2,792 posts, read 3,648,557 times
Reputation: 1547
Quote:
Originally Posted by gardener34 View Post
The breeder we purchased from has a initiative for excellent temperments. Also, she does not breed until she has homes for the puppies first. You have to be put on a waiting list. Ours is a pet quality dog - we finally got one from her after a year and a half wait. Most people are too "instant gratification" for that unfortunately. The dogs she sells are also working dogs - and she interviewed us and actually got us into the working part of the hobby. It is very much fun. We had to sign something that if we could no longer keep the dog because of changing life circumstances (home repo, divorce, etc.) we must give the dog back to her. She does not want ANY of her pups going to a pound.

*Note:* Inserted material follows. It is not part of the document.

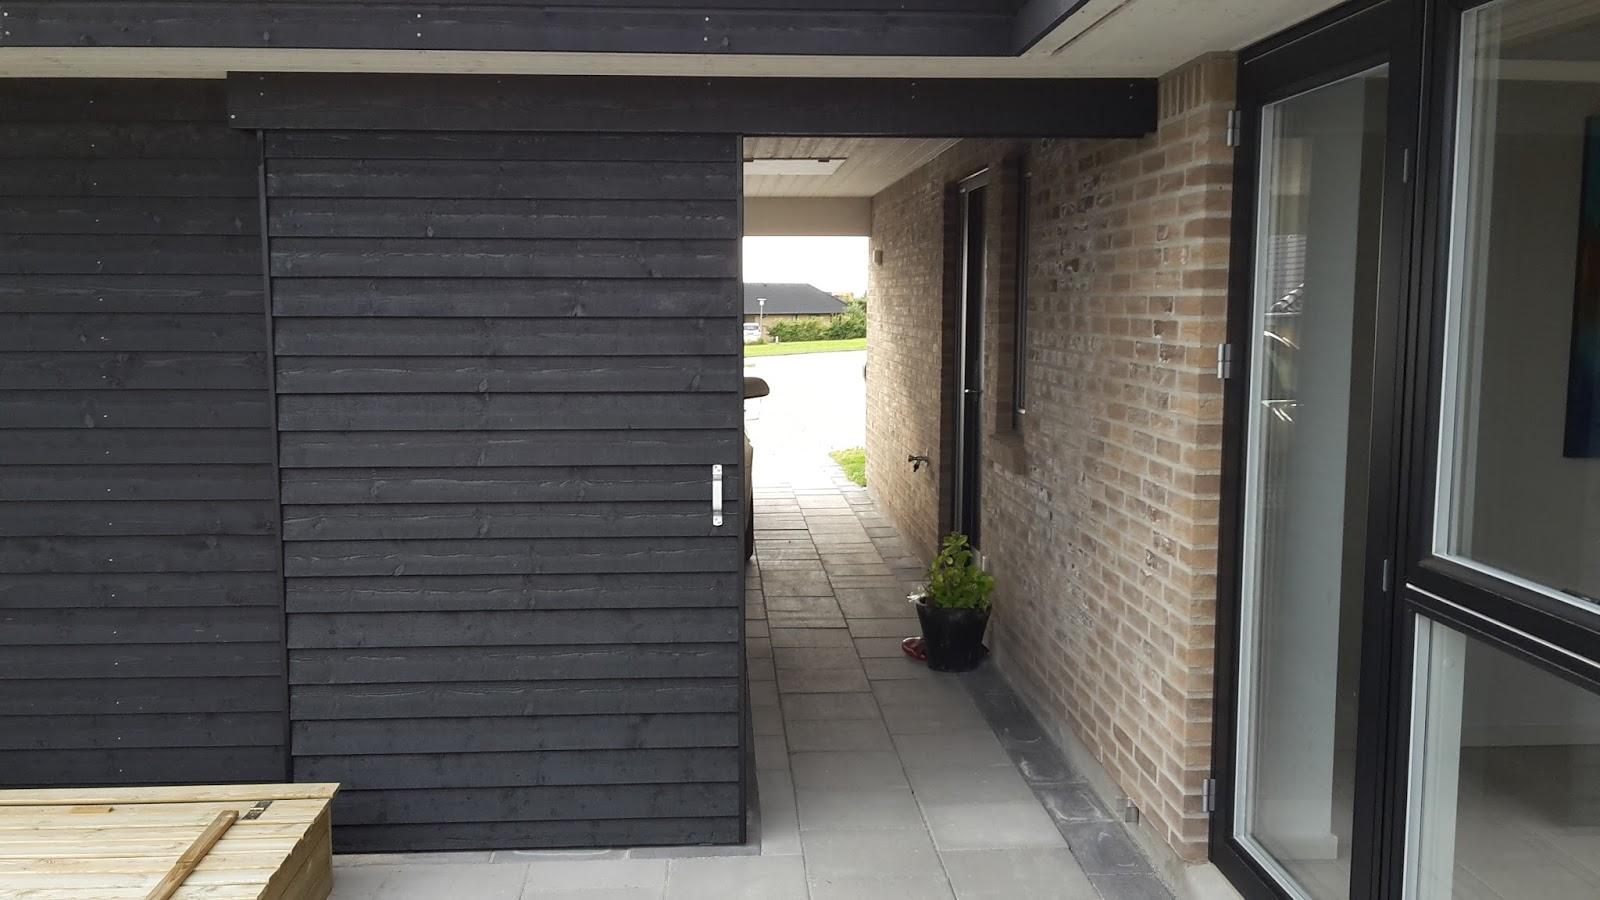 Beregning af boligstøtte: Skydedør udendørs skur

The parents were both cerfd. We had this breed of dog several times before, so she only sold the pup to us after she interviewed us and called up our vet.
The club she (and we) are in now, is involved with the breed rescue and is continually fostering and trying to find homes for these unfortunates.
I do not hesitate to recommend our breeder to someone looking for a dog of our breed, but I also warn that she may not sell to them. And let these people know when we have a rescue available!
I am continually on a soapbox to people to avoid buying from a petshop - but rarely do they listen to me!
Now THAT sounds like a good breeder! Can I ask what breed of dog it is? Good to hear positive stories about breeders nowadays!